Russia trying to “take advantage” of US Ukraine aid timing: ISW

Russia trying to “take advantage” of US Ukraine aid timing: ISW


The Russian military is attempting to “take advantage” of delays in U.S. aid deliveries to Ukraine reaching the war’s frontline, according to the Institute for the Study of War (ISW).

An ISW report published on Wednesday noted that Mykhailo Podolyak, an adviser in the office of Ukrainian President Volodymyr Zelensky, had told Bloomberg in an interview published on the same day that the recently approved American military aid was taking “weeks” to reach “critical volumes” where they are needed most.

“At the moment, Russian troops have the absolute advantage in shells, missiles, etc,” Podolyak told Bloomberg. “They will try to press along the frontline to advance. And then they may try to force the pro-Ukrainian coalition to accept unacceptable terms.”

ISW, a U.S.-based think tank that regularly releases assessments of the Russia-Ukraine war, argued that Russia’s attempt to “freeze the current frontline” amid the aid stall would be particularly “advantageous” to Moscow’s war effort.

Ukrainian President Volodymyr Zelensky is pictured alongside Senate Majority Leader Chuck Schumer and other U.S. lawmakers during an appearance at the Capitol in Washington, D.C. on September 21, 2023. Russian President Vladimir Putin is featured…


Chip Somodevilla; Contributor

“Podolyak warned that Russia may be trying to force Ukraine and its allies to freeze the current frontline—a situation that ISW has long assessed would be advantageous to Russia by giving the Russian military time to reconstitute and prepare for renewed aggression against Ukraine,” the ISW report reads.
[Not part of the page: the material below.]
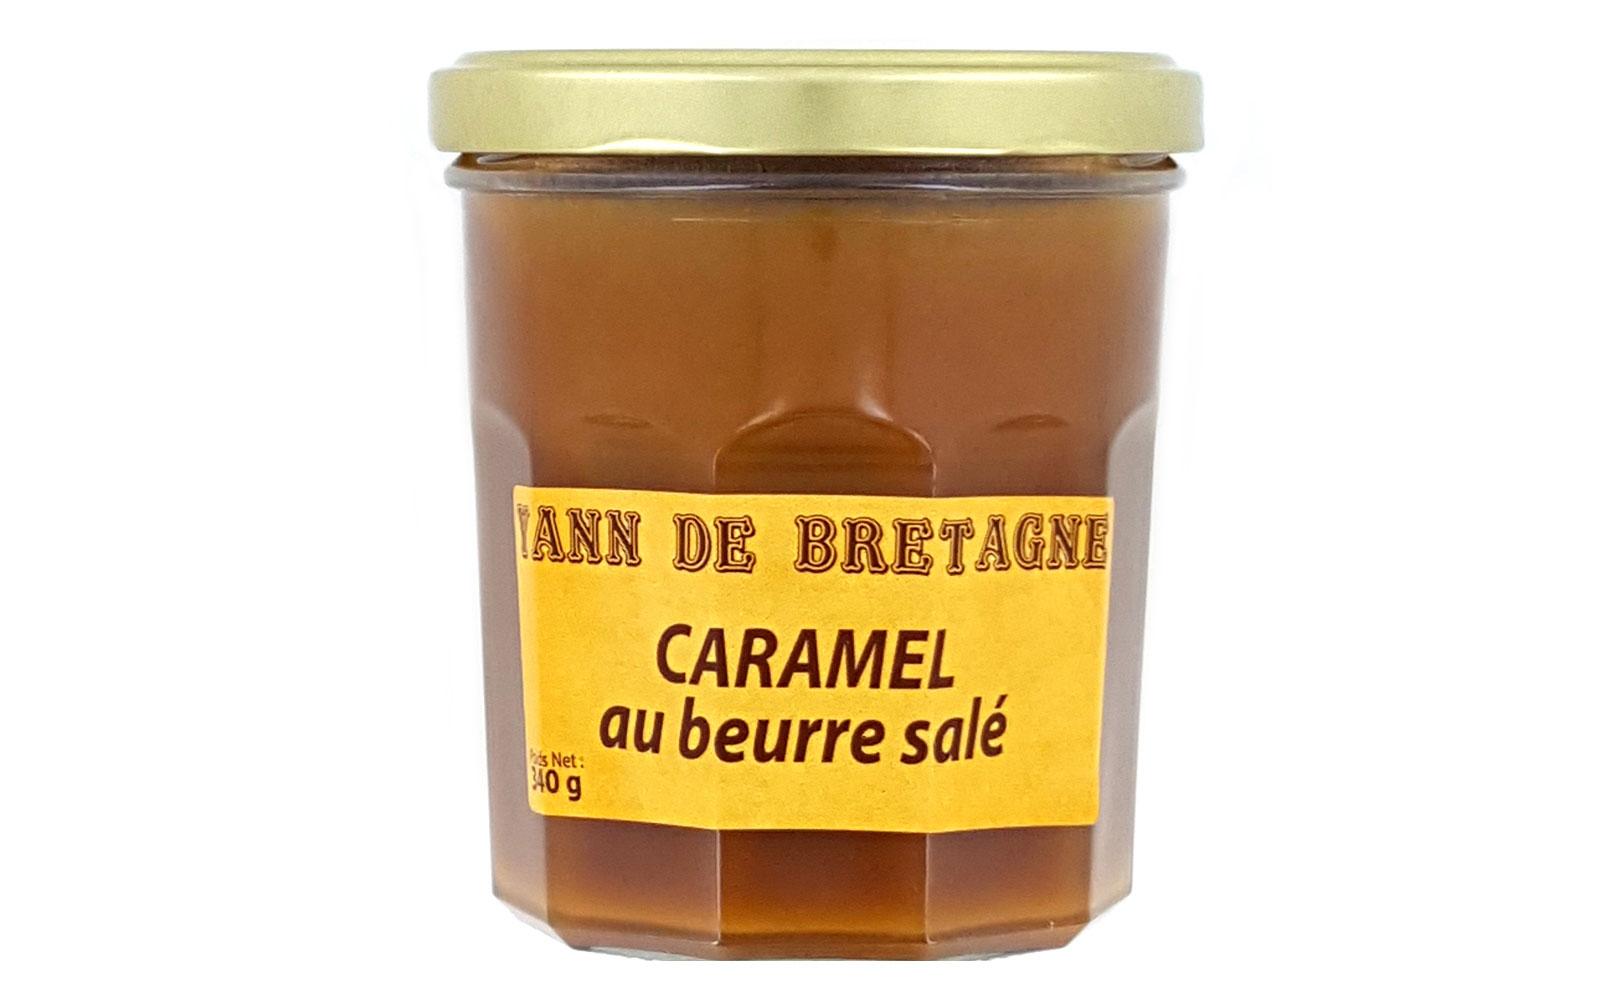 yann de bretagne caramel beurre sale

“Additional Western military assistance will also likely take time to reach the front lines and to be properly integrated into Ukrainian frontline troop formations,” it continues.

Newsweek reached out for comment to the Ukrainian military via email and the U.S. Department of State via online press contact form on Wednesday night.

Russia made several key advances in its more than two-year invasion of Ukraine during the early months of this year, when military aid to Kyiv from Western allies, particularly the U.S., slowed significantly.

While an aid package worth over $61 billion was finally passed by Congress and signed into law by President Joe Biden in April, military experts and Ukrainian officials have continued to express concerns that the aid is being delivered too slowly.

During an interview with Reuters last week, Zelensky pleaded with Western allies to make quicker decisions and speed up their deliveries of aid. Several of Ukraine’s European NATO allies, such as Sweden and Belgium, have recently committed to sending more aid to Kyiv.

“Every decision to which we, then later everyone together, comes to is late by around one year,” Zelensky said. “But it is what it is: one big step forward, but before that two steps back. So we need to change the paradigm a little bit.”

Zelensky also said that the Ukrainian Air Force, which has relied on an aging fleet of Soviet-era MiG aircraft during the war, needed allies to supply around 130 U.S.-made F-16s to counter Russia’s air superiority.

While several European NATO nations have pledged to give Ukraine a far smaller number of jets, deliveries have repeatedly been delayed, prompting some experts to question the effectiveness of the aid.

William Reno, professor and chair of the political science department at Northwestern University, told Newsweek earlier this month that delivery of the jets was unlikely to come at the “optimal time,” drawing a parallel with Kyiv receiving Western tanks after its fall 2022 counteroffensive.

“There’s a tendency for weapon systems to arrive after the point at which they would have been most effective,” said Reno. “There was an optimal time for tanks… They were put to use when they arrived in 2023, but by then began to encounter drone attacks that exploited vulnerabilities in their armor and thus limited their utility.”

“F-16s encounter a similar situation,” he added. “The length of the decision, training and delivery process have given Russian forces time to adapt air defenses, particularly as both sides settled into defensive positions.”